Todos los ojos se clavaron en Rachel.

– Diles -ordenó Frau Hagan.

– Es verdad -dijo Rachel-. Los rusos iniciaron una ofensiva de invierno en diciembre. Días antes de que nos encontraran, oí que habían entrado en Polonia.

– ¡Qué les dije! -exclamó Frau Hagan con orgullo.

– La BBC dijo que estaban expulsando a los alemanes de Ucrania.

Cincuenta rostros se volvieron hacia Rachel y dispararon preguntas en distintos idiomas. ¿Qué pasaba en Estonia? ¿Y en Varsovia? ¿En Italia? ¿Qué pasaba con los norteamericanos? ¿Y los ingleses?

– Sobre ellos no sé gran cosa -dijo en tono de disculpa-. Había rumores de una invasión.

– Como todos los años -acotó una voz escéptica-. No vendrán. Qué les importa lo que nos sucede.

Un alarido se alzó en la noche. Se hizo silencio en el Círculo. Rachel ya había oído gritos que parecían ser pedidos de auxilio, pero eran más lejanos, desde la cuadra de los SS, y Frau Hagan se negaba a prestarle atención. Pero al oírse el segundo alarido -más cerca que el primero- la cara de Frau Hagan indicó que había peligro.

– Tendré que hablar con Frau Komorowski -dijo la jefa de la cuadra.

– No te arriesgues -aconsejó otra mujer-. Deja que resuelvan sus propios problemas.

Frau Hagan lo pensó unos instantes.

– Esperaré unos minutos. Termina tu historia, Brana.

– ¿No debería esconder los papeles? -preguntó la Escriba -. Con tantos gritos, tal vez ordenen una inspección.

– Termina la historia.

La mujer llamada Brana continuó su relato: en pleno invierno, los habían llevado en camiones abiertos hasta un tren en una vía muerta. Habló de familias como la de Rachel, encerradas en vagones de ganado sin calefacción, alimentos, agua ni baños. Rachel evocaba a pesar suyo el viaje de pesadilla desde Westerbork, cuando se le erizó el vello de los antebrazos.

¡Silencio! -siseó.

Frau Hagan la miró furiosa:

– ¿Qué pasa, holandesita?

– Hay alguien afuera. Escondan los papeles.

– Heinke está en la puerta -dijo Frau Hagan, incrédula-. Y no oyó nada.

– ¡Te digo que hay que esconder los papeles!
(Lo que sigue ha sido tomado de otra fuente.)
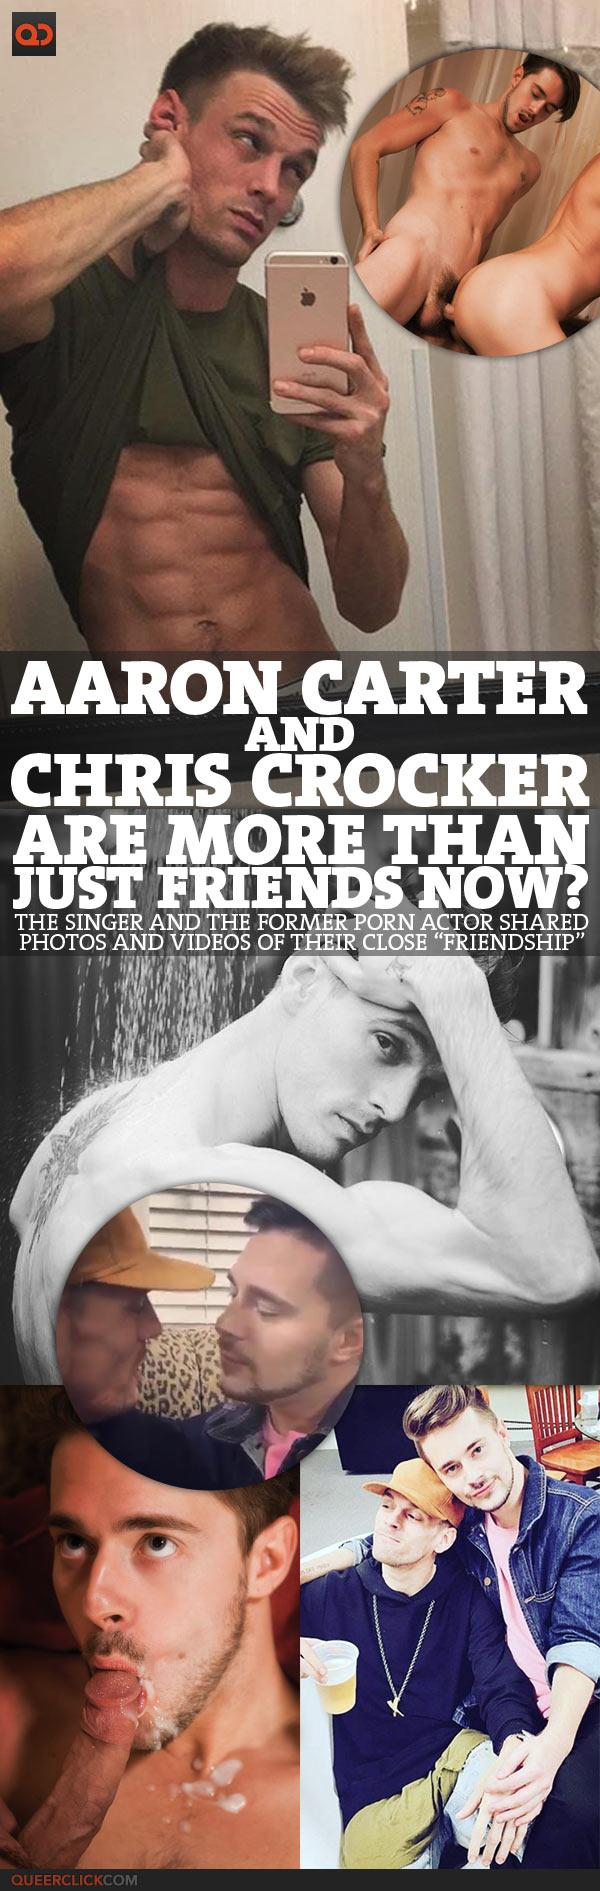 Aaron Carter Prepares To Relaunch His Career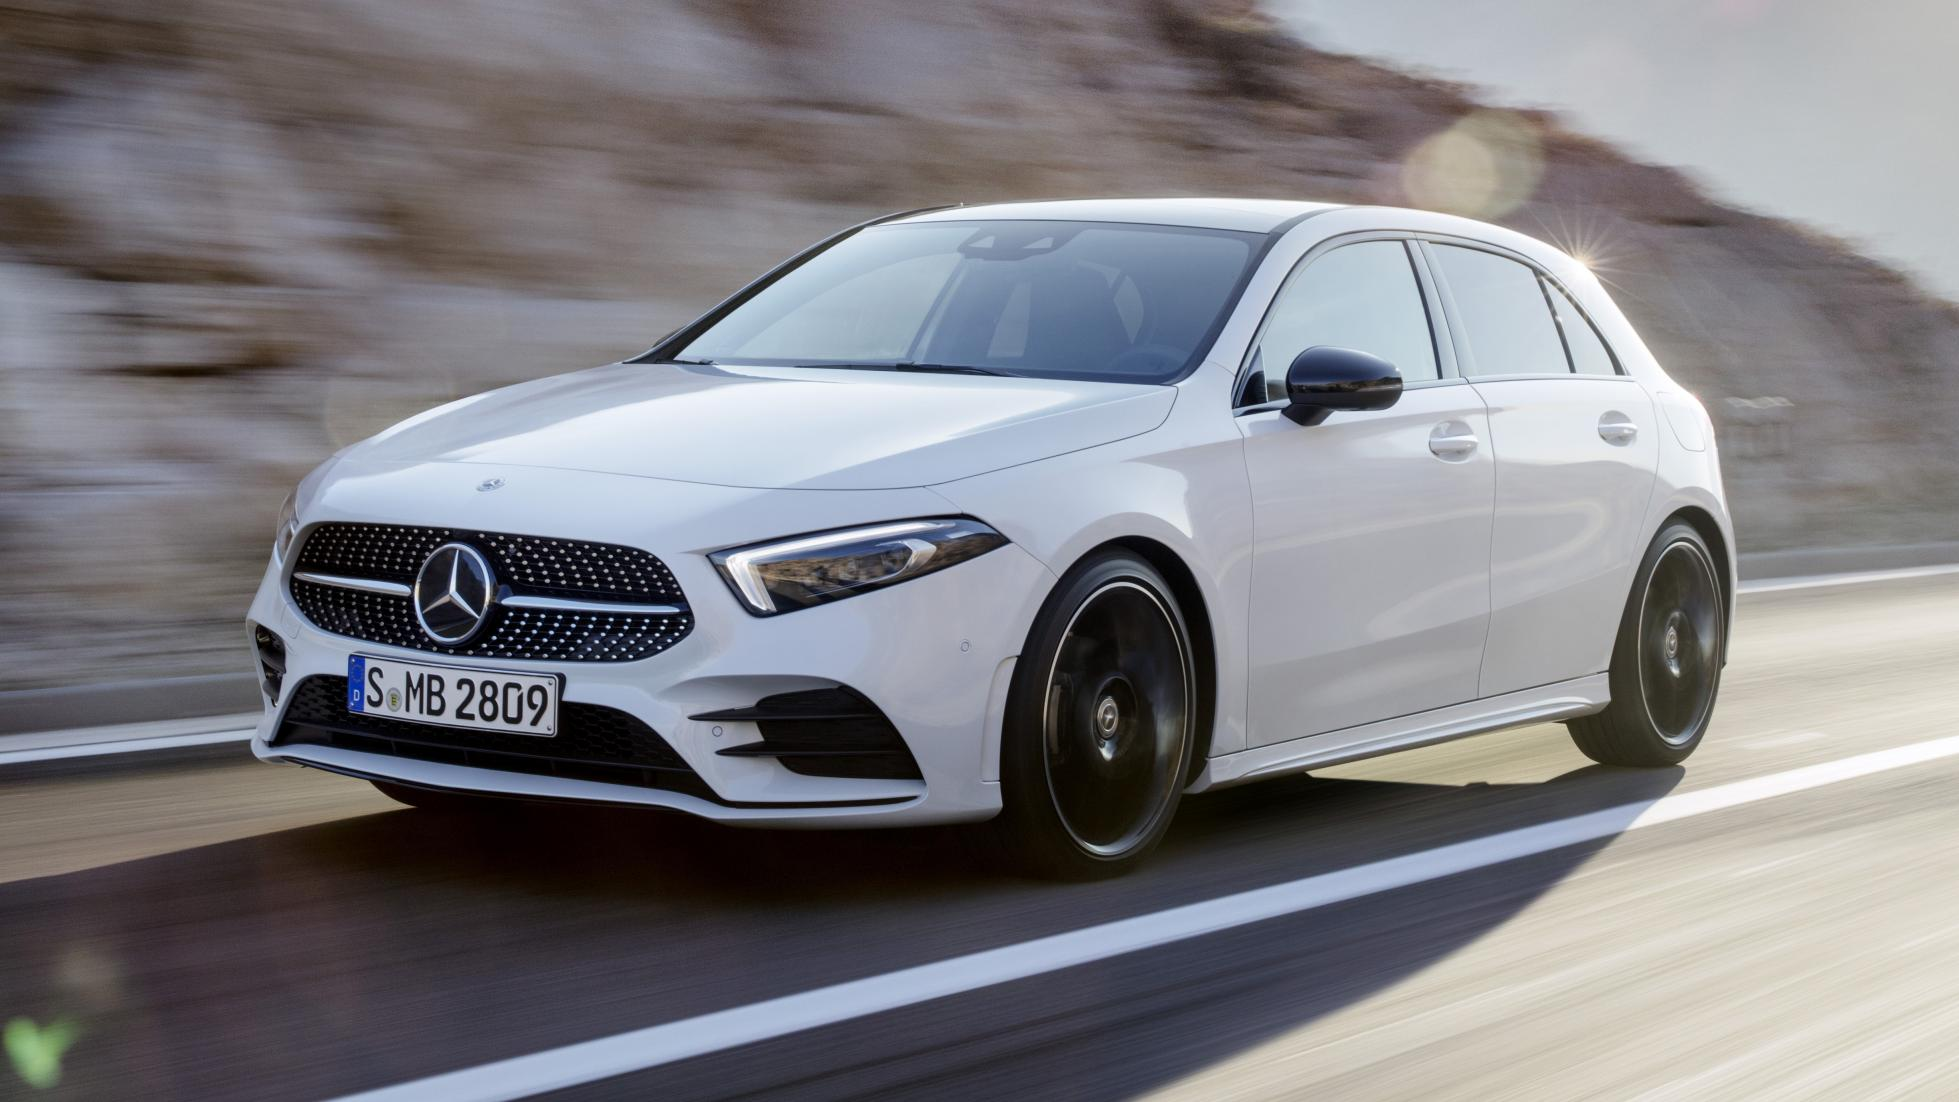 Mercedes A Klasse Prijs Is Bekend Topgear Nederland

Frau Hagan tomó los papeles de la Escriba y los ocultó bajo su falda. Miró a Heinke junto a la puerta:

– ¿Hay algo?

La centinela meneó la cabeza. Frau Hagan miró a Rachel con desdén.

– ¡SS! -susurró Heinke de pronto-. ¡A la cama!

Apagaron la vela y corrieron en tropel a sus respectivos camastros. Evidentemente habían ensayado esa operación, porque no había otro ruido que el de las novatas al golpearse los pies y las canillas. Las veteranas lo hacían mejor. Caminar rápida y sigilosamente era una destreza que ella había adquirido mucho antes en Amsterdam. No era fácil.

Contuvo el aliento a la espera del estrépito de botas de los SS, pero sólo oyó un golpe furtivo a la puerta. Ésta se abrió para dar paso a una sombra.

– ¿Hagan? -susurró la sombra.

– ¿Irina? ¿Eres tú?

Da.

– Que nadie se levante -ordenó Frau Hagan.

Rachel oyó los pasos pesados de la polaca que cruzaba la cuadra en la oscuridad y conversaba en murmullos con la kapo de la cuadra de mujeres cristianas. Menos de un minuto después se abrió y se cerró la puerta.

– Desapareció otro niño -informó Frau Hagan a todas-. Un gitano.

Se hizo silencio.

– ¿Varón? -preguntó una voz.

– Sí. Ocho años.

Rachel oyó un gemido en la oscuridad.

– La que gritaba era su madre. Frau Komorowski la hizo amordazar y atar a la cama. Por su propio bien. La gitana había dicho que iba al cuarto del doctor Brandt a buscar a su hijo.

– No se equivocó de lugar -comentó una voz.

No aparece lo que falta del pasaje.